After creating the index on office.off_email, the execution plan changed and performance improved significantly.

Execution time reduced from ~17 ms to ~3.4 ms.
PostgreSQL now uses a Nested Loop Join.
An Index Scan is used on the office table instead of a full table scan.
The intership table still uses a Sequential Scan because many rows match salary > 5000, so the planner finds it cheaper.

Key Improvement

The main performance gain comes from replacing the full scan of office with an index lookup, which reduces I/O and speeds up joins.

Performance Is Not Only About Indexes

While indexes greatly improve performance, schema design is equally important.
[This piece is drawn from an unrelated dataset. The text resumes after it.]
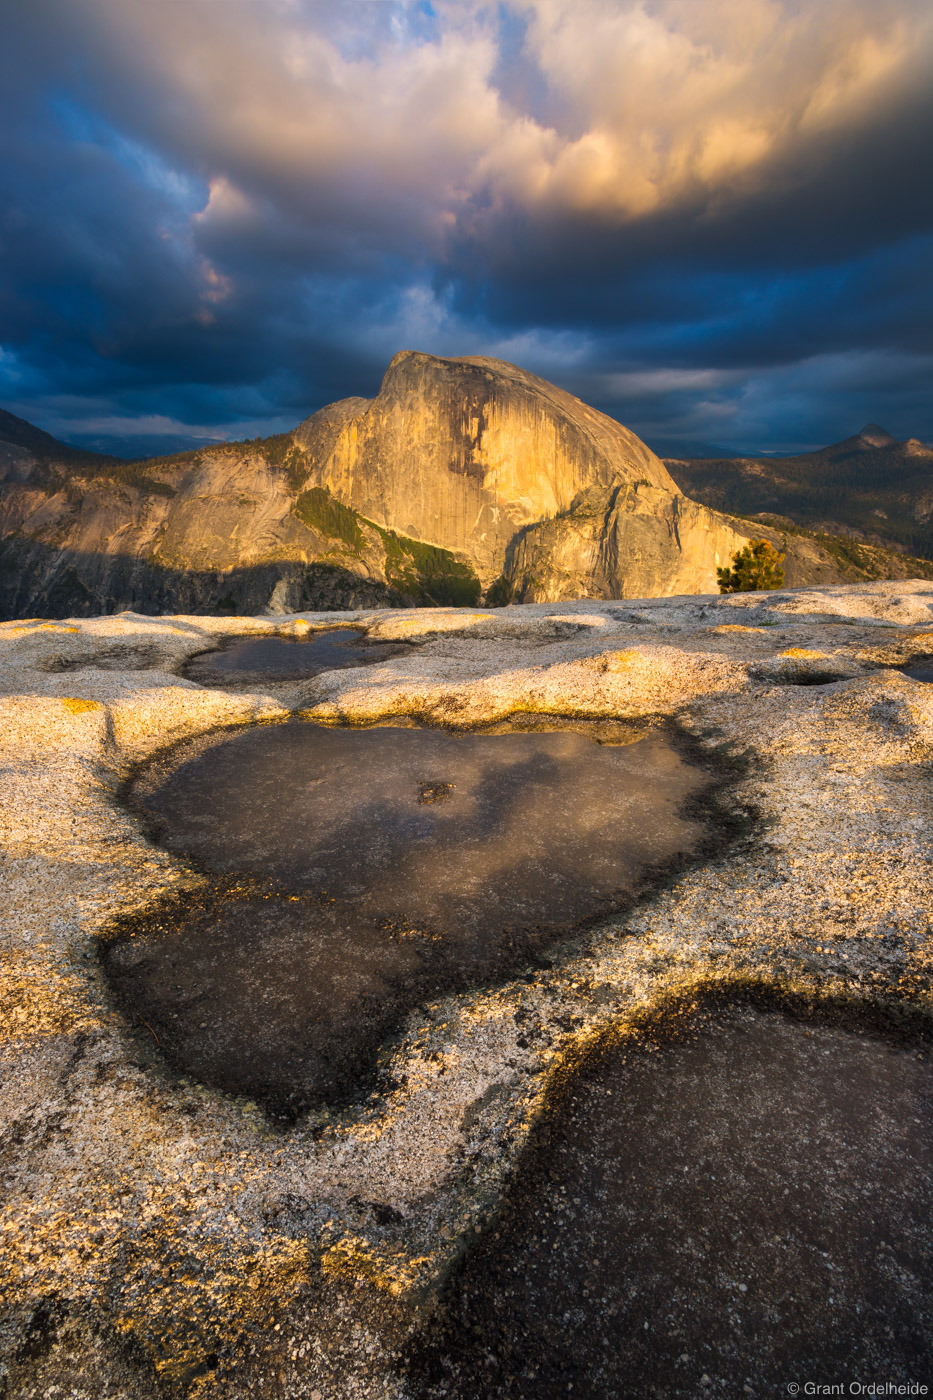 A dramatic sunset over Half Dome from across the valley on the summit of North Dome.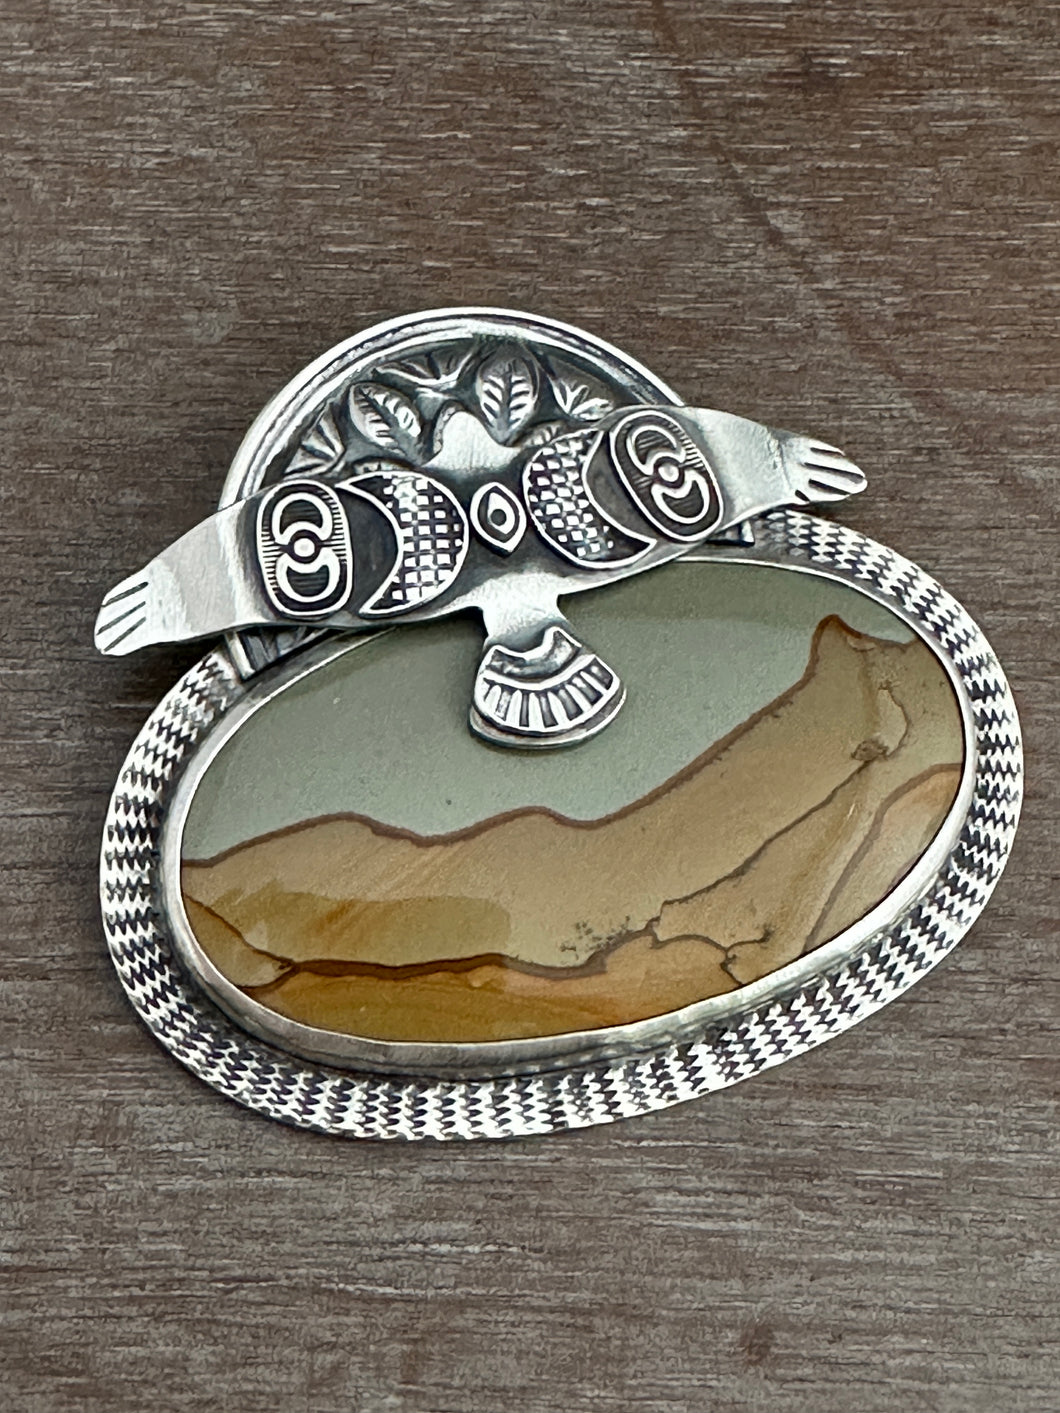 Flying Eagle with Picture Jasper Pendant7

Data Type Selection Matters

Choosing appropriate column data types directly affects:

Row size
Index size
Cache efficiency
Query execution speed

Example: Poor Table Design

samdb=# CREATE TABLE college (id SERIAL PRIMARY KEY, name TEXT,
    email TEXT,
    type TEXT );
CREATE TABLE

Suppose the type column only stores small values such as:

UG , PG , Diploma

Example: Optimized Table Design

samdb=# CREATE TABLE student (
    id SERIAL PRIMARY KEY,
    name VARCHAR(100),
    email VARCHAR(150),
    type VARCHAR(20)
);
CREATE TABLE

Why This Impacts Performance

If you define very large column types (e.g., TEXT or VARCHAR(4000)) but store small values:

Row width increases
Fewer rows fit into an 8KB data page
More disk pages must be read
Indexes become larger
Cache efficiency decreases

As a result:

I/O increases
Memory usage increases
Execution time increases

On tables with millions of rows, this design mistake can significantly impact performance.

Conclusion

Database performance depends on:

Proper indexing
Efficient query design
Correct execution plan analysis
System configuration
Good schema and data type design

Performance tuning is not just about fixing slow queries, it starts at the design stage.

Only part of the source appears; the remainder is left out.